Montero Glez dispara titulares a la velocidad que sus personajes imprimen a los atracos, deprisa, deprisa. Ha convocado a periodistas y amigos a una comida para presentar su nuevo libro en una taberna ilustrada a espaldas de los chiqueros de Las Ventas, pero él no prueba ni la muestra durante las dos horas en las que sienta su cátedra fronteriza, libertaria y flamenca. “Se puede mentir de muchas formas, pero la más repugnante es diciendo la verdad”, afirma este madrileño con alma del sur que escribe a mano y después, como él dice, lo pasa a la sala de máquinas. “Lo importante es el sentimiento. Luego puedo construir una obra a partir de la lucha de clases”.

La primera aguja para suturar las heridas del Nani la encontró en el pajar de Antonio Vega durante un concierto en el que el cantante versionó Me quedo contigo, un chispazo que había surgido de la fragua de Los Chunguitos (Si me das a elegir / entre tú y la riqueza / con esa grandeza / que lleva consigo, ay amor / me quedo contigo). El título de la novela, en cambio, poco tiene que ver con el “bocado triste” de Antonio, pues hace referencia a un disco de Manzanita. “Ambos materiales se usan para envejecer las figuras de escayola, pero tienen un significado más amplio”. El talco es el vicio y la gente del bronce son los que viven al margen.

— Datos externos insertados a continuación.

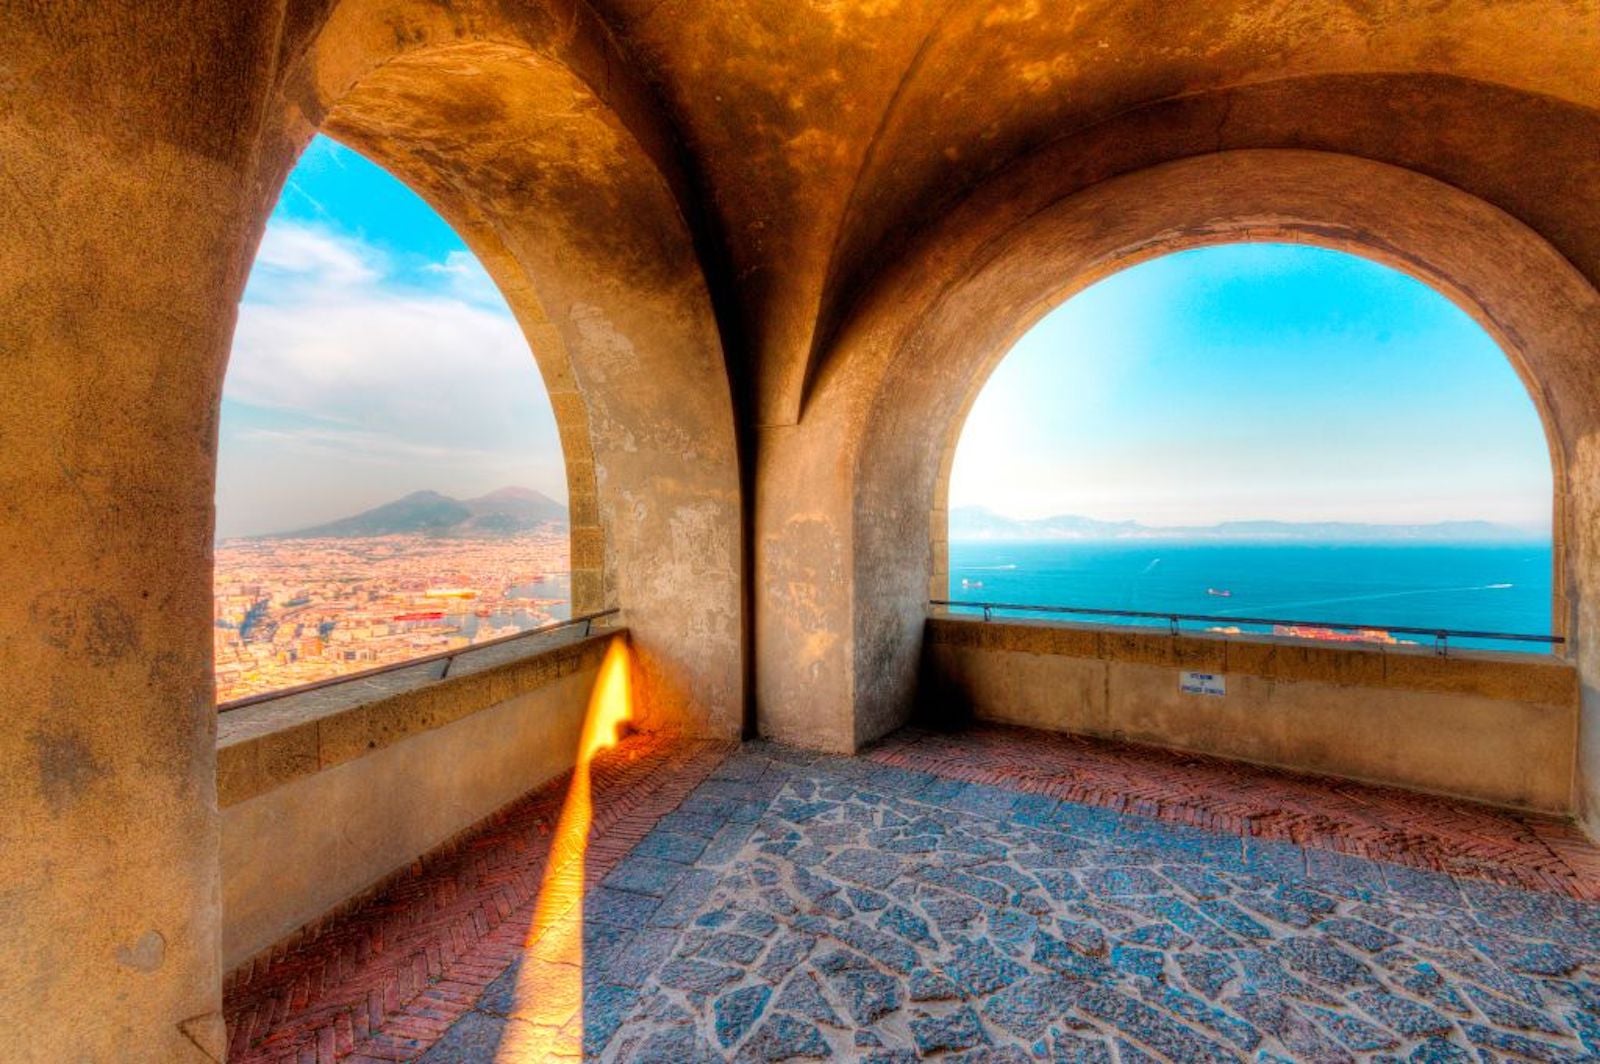 Italy. Campania. Naples. cityscape from Castel Sant'Elmo. Vesuvius in background

“La voz del narrador no está engolfada, pero mis personajes hablan así”. Buco, buga. Camelar, colorao. Papela, peluco. Trapi, trullo. “Dialogan en argot, su código interno”. Pero el autor de Pistola y cuchillo (la aproximación más epidérmica, García Alix mediante, a José Monge) insiste en que no es un estilista, acostumbrado a que lo prejuzguen por la pinta: fue primero el fondo que el estilo. “Me fijé en Antonio Gades para quitar barroquismo y plusvalía”, confiesa Montero Glez, mentando al revolucionario que puso a danzar a Lorca y entroncó el baile y la literatura sobre las tablas. Luego, tras el quinto vuelco, cuando los platos ya están vacíos y su gaznate reclama un vaso de agua, señala la foto de Camarón y reza: “Este señor me enseñó a mí. Es mi maestro”.